Ребенок появился на белый свет, для того, чтобы его покинуть. Таковой, к сожалению, оказалась его судьба. У него была тяжелая патология, с чем врачи НЕ смогли справиться. Гидроцефалия подразумевает под собой нарушение фето – плацентарного кровообращения* во время беременности. В результате, в мозговой части плода идет скопление жидкости. Повышение внутричерепного давления ведет к раздражению особых центров мозга и вызывает судороги. Причин этой патологии очень много: отягощенный соматический статус беременной*, влияние окружающей среды, тератогенные факторы* и многое другое. Перечислять можно до бесконечности.
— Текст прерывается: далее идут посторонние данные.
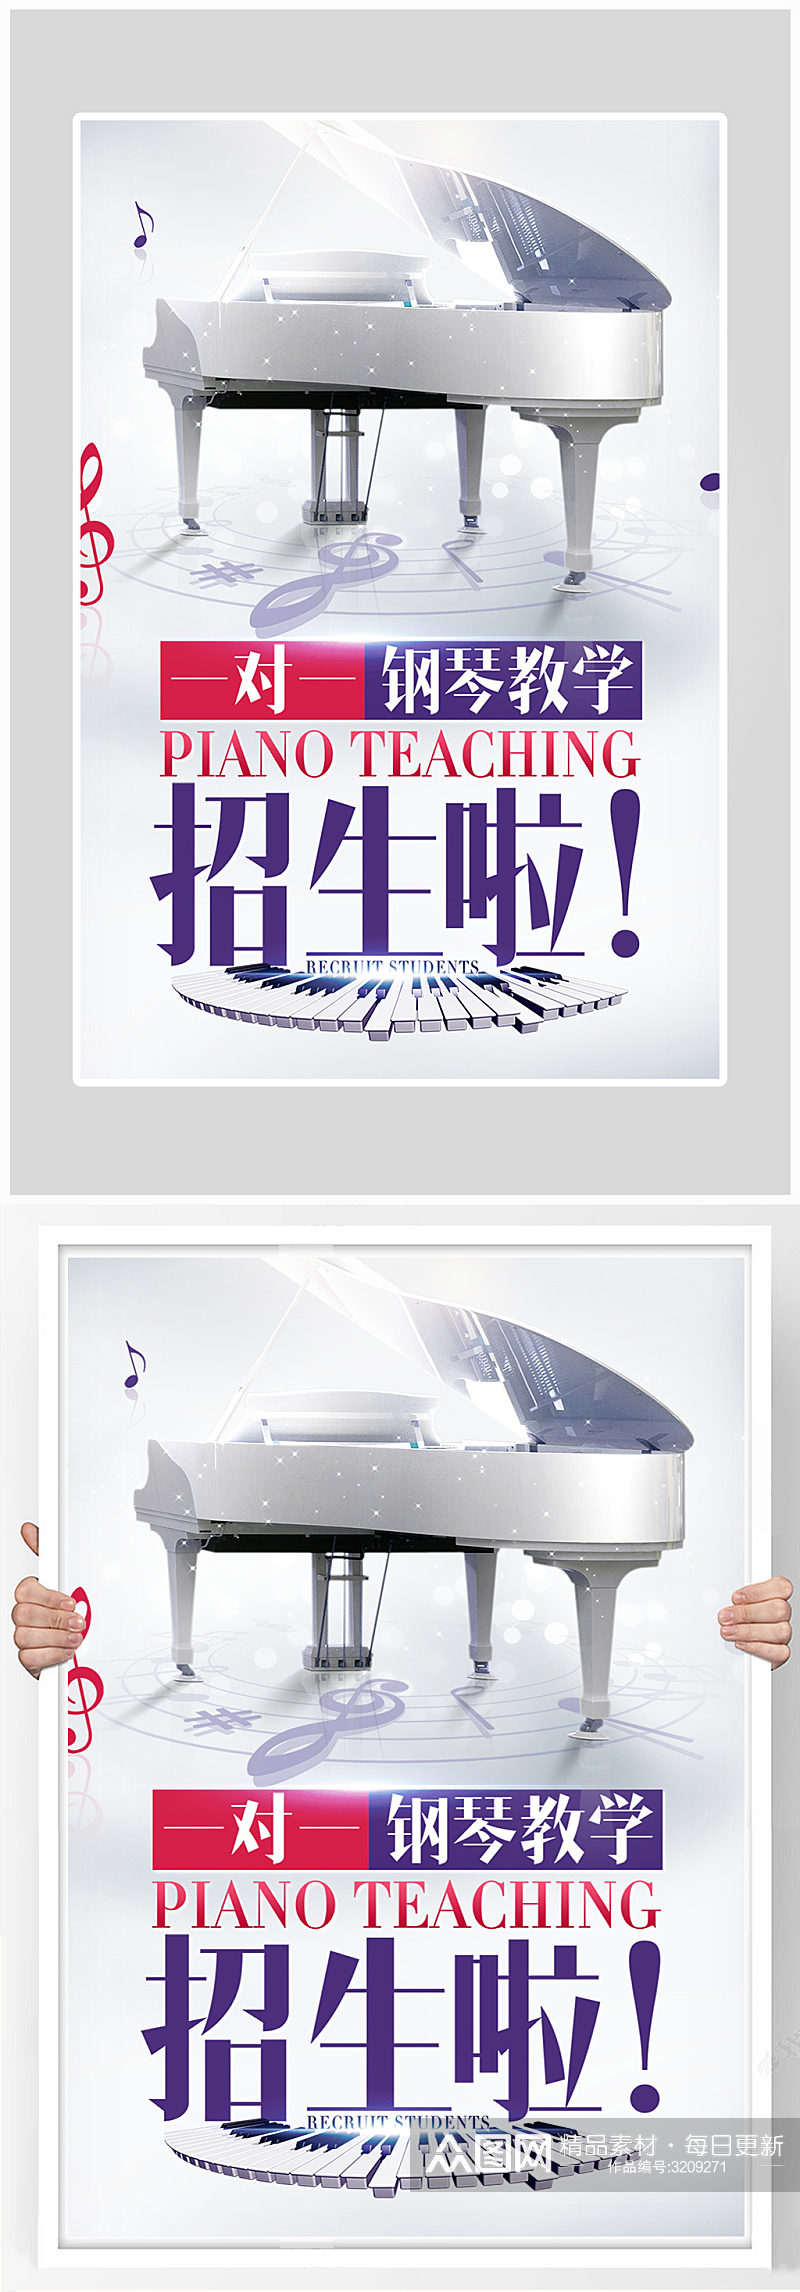 大气简约钢琴教学海报设计素材

Увы, мы – не Боги. Жизни людей находятся не в наших руках и не нам решать, когда наступит их смерть. Единственное, что мы можем сделать – это отсрочить ее появление.

Но, к сожалению, не каждый способен понять это. Можно было конечно не касаться этой темы. Пройти мимо, сделав вид, что это не мое дело. Заняться своими привычными заботами, забыть напрочь об этом разговоре.

Но что будет, когда последователи Авиценны и Гиппократа покинут свои посты и займут менее престижные, но более доходные ниши в обществе?.. Что будет, если профессия врача канет в небытие и станет просто историей? Кто будет лечить?

***

Соню выписали, и она вернулась в детдом. Мы с Саидом еще не успели оформить все нужные документы на удочерение. Мне была невыносима мысль, что она вдали от меня, но я ничего не могла сделать для нее.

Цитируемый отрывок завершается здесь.